Kubeflow is an entirely free ML platform, offering machine learning pipelines and orchestration tools for running ML experiments on Kubernetes. Kubeflow also has tight integration with TensorFlow and other machine learning frameworks — PyTorch, Apache MXNet, MPI, XGBoost, and Chainer, among others.

The product can be nicely extended with different integrations and offers a high degree of freedom in customization. However, few MLOps features are available out-of-the-box apart from pre-made pipelines for ML workflows.

Limitations:

• Training jobs and model deployments need to be configured separately via TensorFlow
• No premade functionality for data ingestion and management

Determined has similar capabilities to Kubeflow. Distributed via GitHub, the platform features convenient hyperparameter search, intelligent job scheduling and cluster sharing, and experiment tracking toolkit, log management, metrics visualization, reproducibility and dependency management. You can run Determined AI locally or in the cloud (as the tool is compatible with all popular cloud services).

Limitations:

• It doesn’t include native model serving and deployment functionality
• Model testing toolkit available
• Automated model training pipelines available
• No premade functionality for data ingestion and management

Neu.ro sits in-between fully open-source and proprietary MLOps platforms provided by established cloud vendors. The company has a unique value proposition and offers to custom-build and manage the MLOps for your business using a selection of open-source tools, and then hosting it on the infrastructure of your choice — locally or in the cloud. Neu.ro is fully cloud- and tool-agnostic, allowing you to assemble an ML development environment using a best-in-class set of tools. The proposed functionality, customizations, and support cover the end-to-end machine learning lifecycle from data management to containerized model deployments and model monitoring.

Limitations:

• Custom MLOps platform setup and ongoing maintenance is a billable service. As well, customers may opt to pay for computing resources if they use the platform’s infrastructure offerings.

AWS SageMaker, Google AI Platform, and Azure Machine Learning have similar PaaS offerings. While in each of these cases, you are bound to use the platform’s cloud resources, these platforms do support a solid range of custom integrations with third-party tools, including open-source ones. The tradeoff, however, as with other open-source tools, is the lack of user-friendly business interfaces. All but Azure Machine Learning lack visual, drag-and-drop tools for citizen data scientists or collaborators.

Limitations:

• In all three cases, multi-cloud and hybrid deployment scenarios are limited and most users opt to run ML workloads and models on the platform.
• Deep product knowledge is required for each platform to effectively configure end-to-end MLOps capabilities.

Limitations:

• It doesn’t support cloud providers or on-premises resources
• Data set uploads are limited to CLI
• Automated training pipelines not provided

Spell, Valohai, and Gradient (by PaperSpace) are fully proprietary platforms. They provide subscription-based access to a cloud MLOps platform and a set of native features such as collaborative workspaces, end-to-end solutions for running standard experiments, experiment tracking, and other features we discuss in-depth within the next sections. Amongst them, only Gradient can be self-hosted, while Spell and Valohai installations are managed services.

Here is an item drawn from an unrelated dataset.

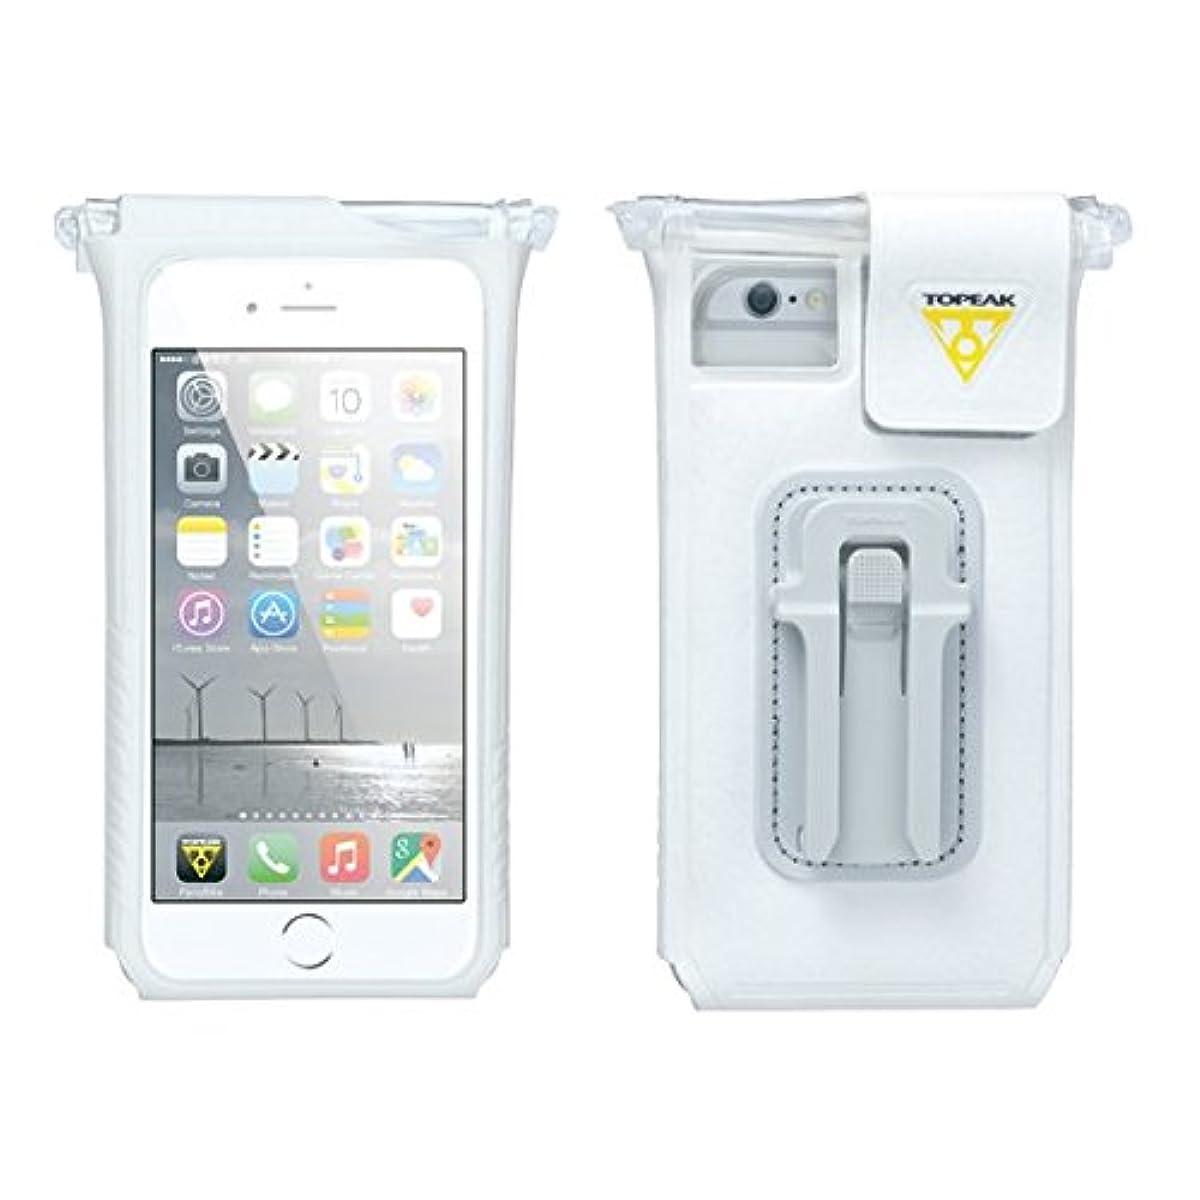 [해외] 도피쿠 스마트 폰 드라이버구 (iPhon 6Plus용) 화이트(BAG31601)

Limitations of proprietary MLOps platforms:

• Limited customization/extensibility beyond the native features
• Limited support of deployment scenarios (mostly to cloud-based installations)

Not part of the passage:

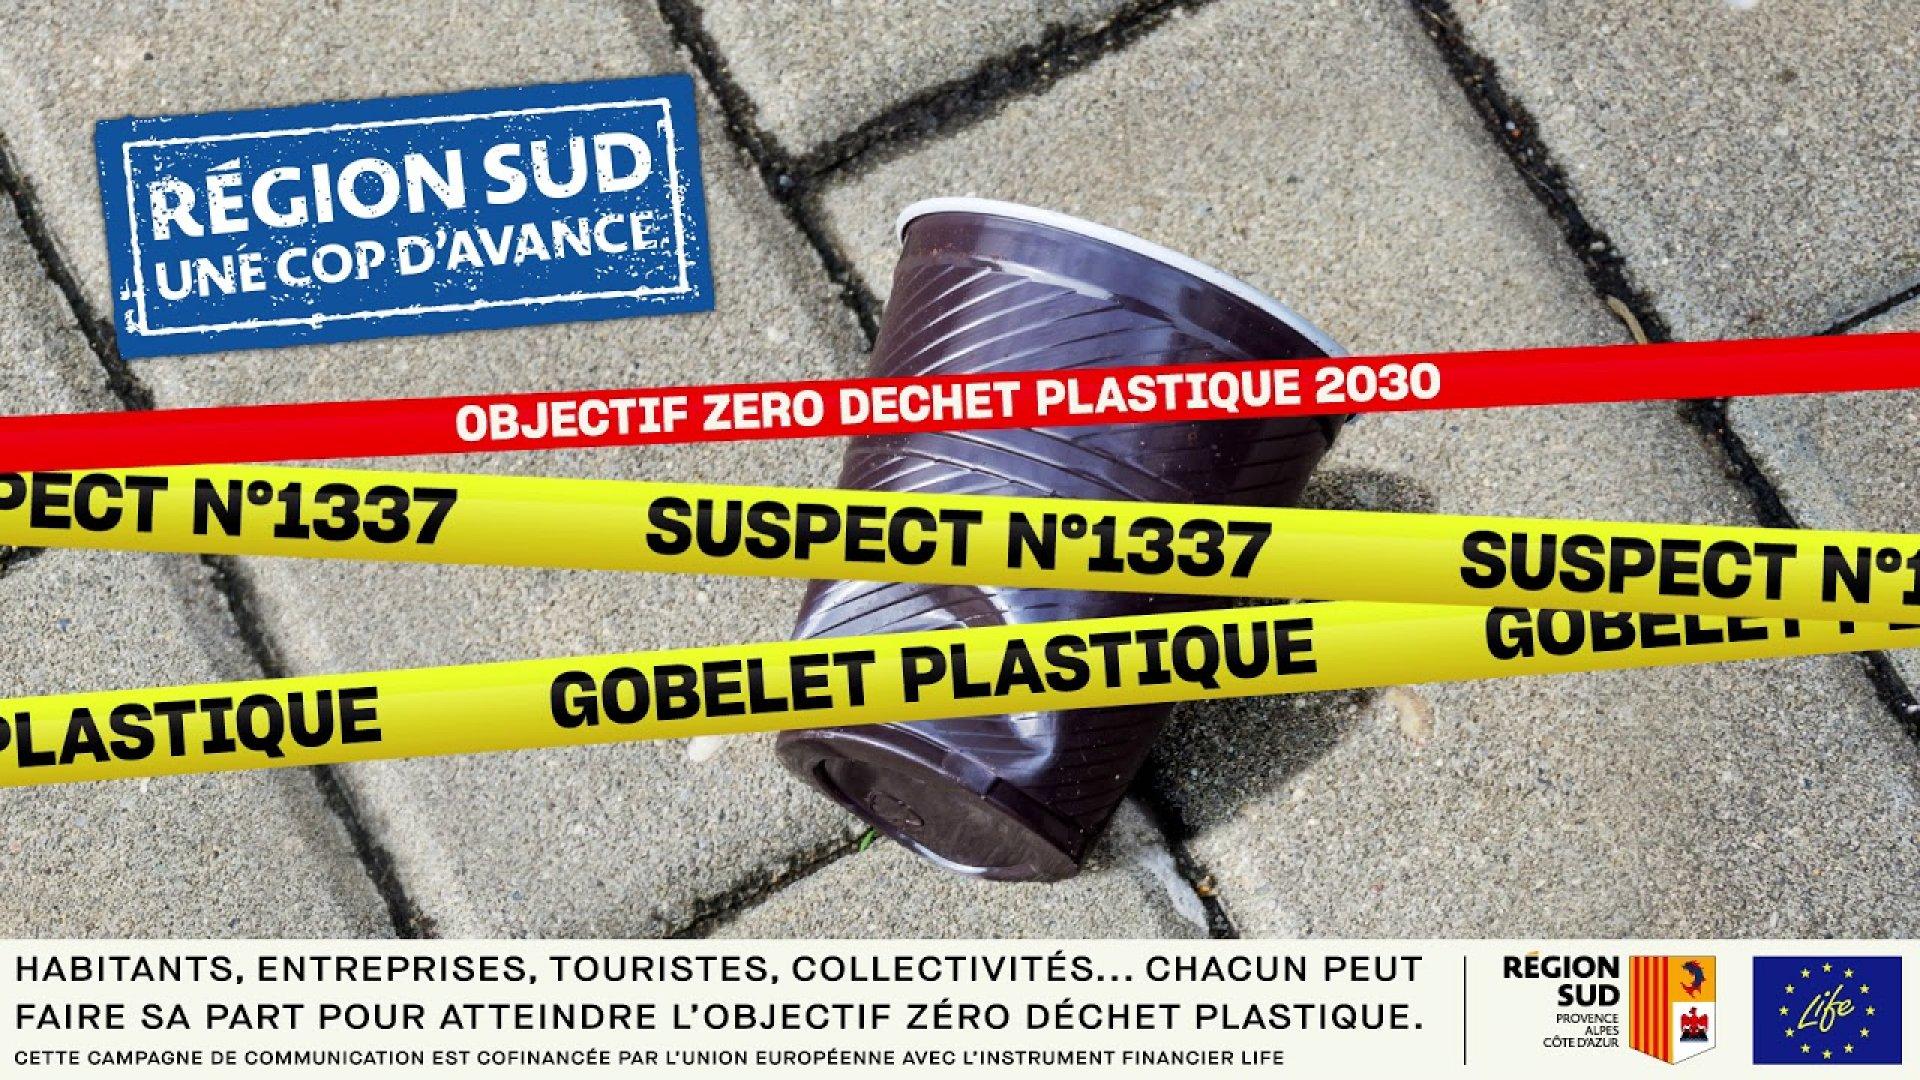 Zéro déchet plastique

Like any young market, the MLOps platform landscape remains fragmented. There’s a growing number of standalone open-source and proprietary solutions covering one leg or another of the MLOps lifecycle — such as data transformations, hyperparameter tuning, or model monitoring. These emerging mono-task solutions have their merit.

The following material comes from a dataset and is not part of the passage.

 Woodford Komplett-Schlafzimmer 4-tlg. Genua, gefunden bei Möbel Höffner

But we found that most data science teams look for well-integrated solutions. Thus, interoperability emerged as a key requirement for MLOps platforms.

Interoperability indicates the feasibility and ease of integrating various MLOps tools into a single consolidated setup for end-to-end operations.

Apart from ensuring greater flexibility and convenience for the teams, a greater degree of interoperability also offsets the operational risks. Choosing a platform that lets you incorporate different tools reduces the chances of vendor lock-in and enhances your ability to run more complex machine-learning projects without the need to migrate to new infrastructure.

In our research, we analyzed how well you can mesh together different MLOps stacks and which platforms have native or pre-built integrations with other popular solutions. Specifically, we asked the following research questions:

Neu.ro, Kubeflow, and Determined AI scored the highest in terms of interoperability. That makes sense given the fact that all three solutions also top the open-source list.

Neu.ro has well-documented CLIs and an SDK, along with productized and documented integrations with popular MLOps solutions such as DVC, Pachyderm, MLflow, W&B, NNI, Seldon, and Algorithmia among others. Many new integrations are underway. Neu.ro is designed with interoperability in mind and strives to provide tools that make it easier to add new integrations.

Kubeflow, on the other hand, has an open-source and documented API + SDK. But CLI is still under development with the launch date yet to be announced. At present, the platform acts as an orchestration layer that anyone can augment with the toolkit of their choice. The majority of integration requests are driven by the community. Some of the currently available ones include Feast, Seldon, BentoML, Tekton (not to confuse with Tecton), MLflow, W&B, even Determined AI, and AWS Sagemaker — two other entrants on our list.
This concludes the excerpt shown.